Jason ordered the combination noodle soup.
I wanted to order the jiu cai he zi (garlic chives dumpling/pastry) but they were sold out. I’m going to have to go back to try the won ton soup and the jiu cai he zi.
The first thing to arrive was the scallion pancakes (cong you bing). I found these very flaky and quite crispy. Unfortunately, I prefer a good balance of flakiness, crispiness, and chewiness – there was no chewiness to the cong you bing whatsoever. The pancakes were so flaky that each layer tasted like it could be individually fried. That’s not a big issue at all, but there were more problems with the flavor. It was a bit sweet, not salty enough, and definitely did not have enough scallions. A little more salt would make this a good example of a you bing, but without more scallions, I can’t say it’s a good representative of cong you bing.

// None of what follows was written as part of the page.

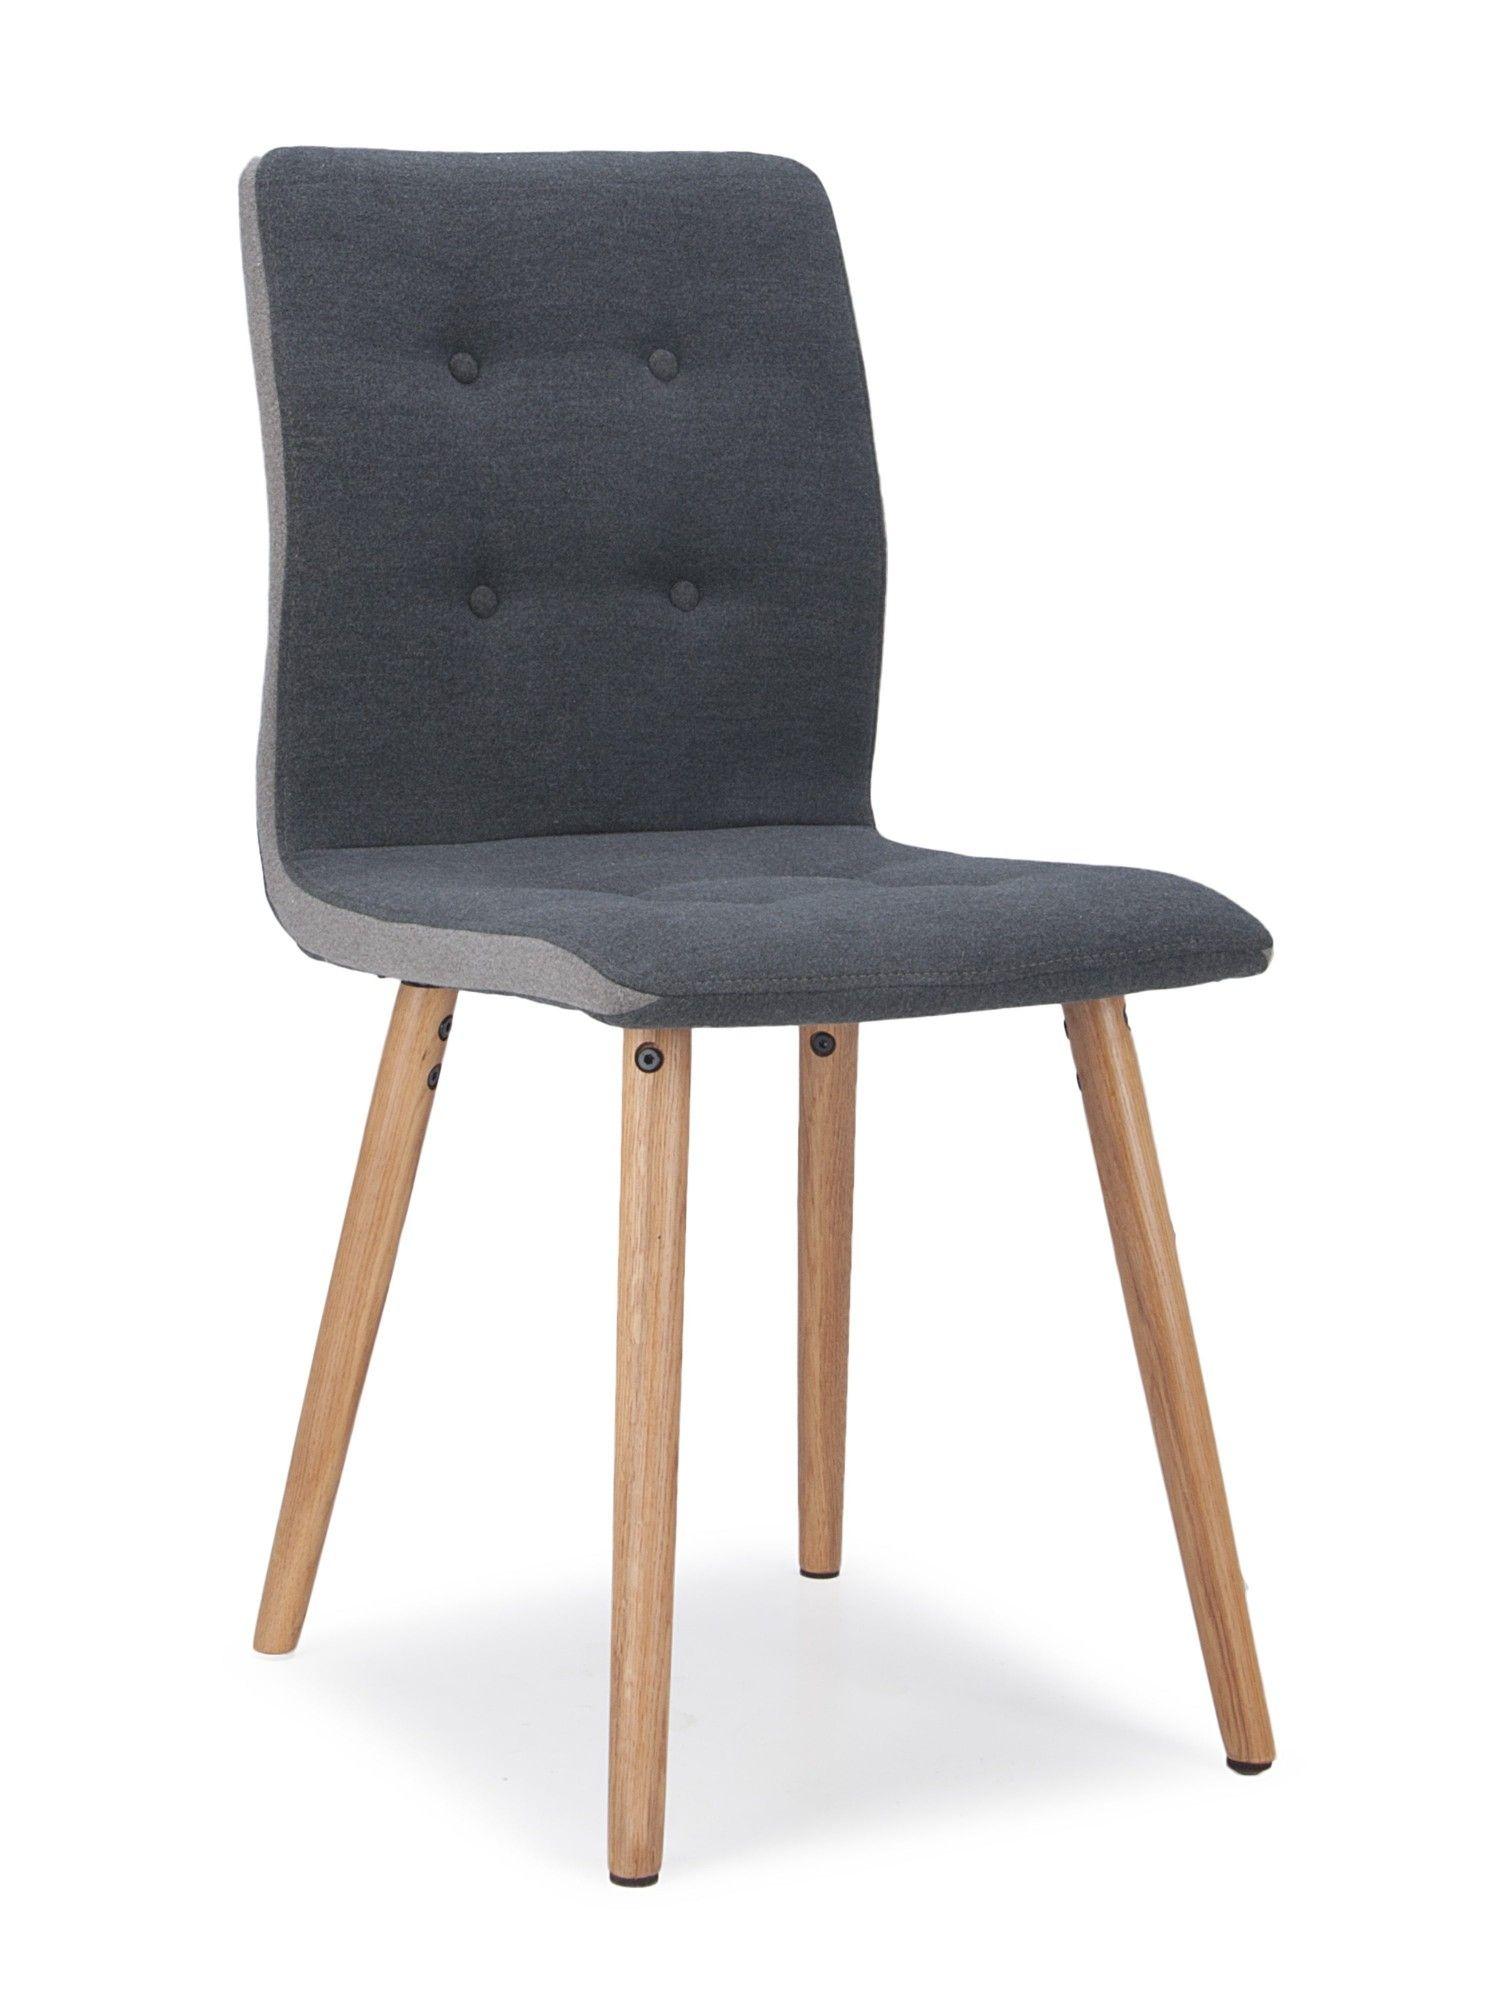 Stuhl esszimmer wohnzimmer st hle k che polsterstuhl for Stuhl design esszimmer

Their dao xiao mian is great in some ways, but a failure in others. The skill of the man who cuts the mian into the soup is very high – the noodles are lengthy and fairly uniform with each piece about the same thickness and with the edges very thin producing a textural difference within each noodle from edge to center. The mian should be salted however. This usually isn't necessary in other Chinese noodles, but it is a paramount step in making great dao xiao mian. When done properly, each noodle with have a thick, chewy center (which they achieved) but without salting the dough the noodle tastes bland. Also, a few pieces I had needed to be cooked a little longer. Because of the thicker pieces, the mian needs to be cooked long enough that the center isn’t gummy or gooey which was the case in several pieces that I had in both the lamb noodle soup and the stir fry. When done properly, the interior has a wonderful chewy texture (a little like fresh mochi) and should not be gummy.
Lamb noodle soup had a great soup base which was very flavorful with just enough sourness to balance the natural gaminess of lamb. My issues with the dish were that the noodles were underseasoned and some were undercooked. The lamb pieces in the soup were very small (1 cm x 1 cm) and tough and chewy.
Stir fried noodles were really bland (as most of it was the underseasoned dao xiao mian) but were a bit better after stirring in the chili sauce that they brought me as well as a few healthy dashes of soy sauce. I chose not to finish the dish.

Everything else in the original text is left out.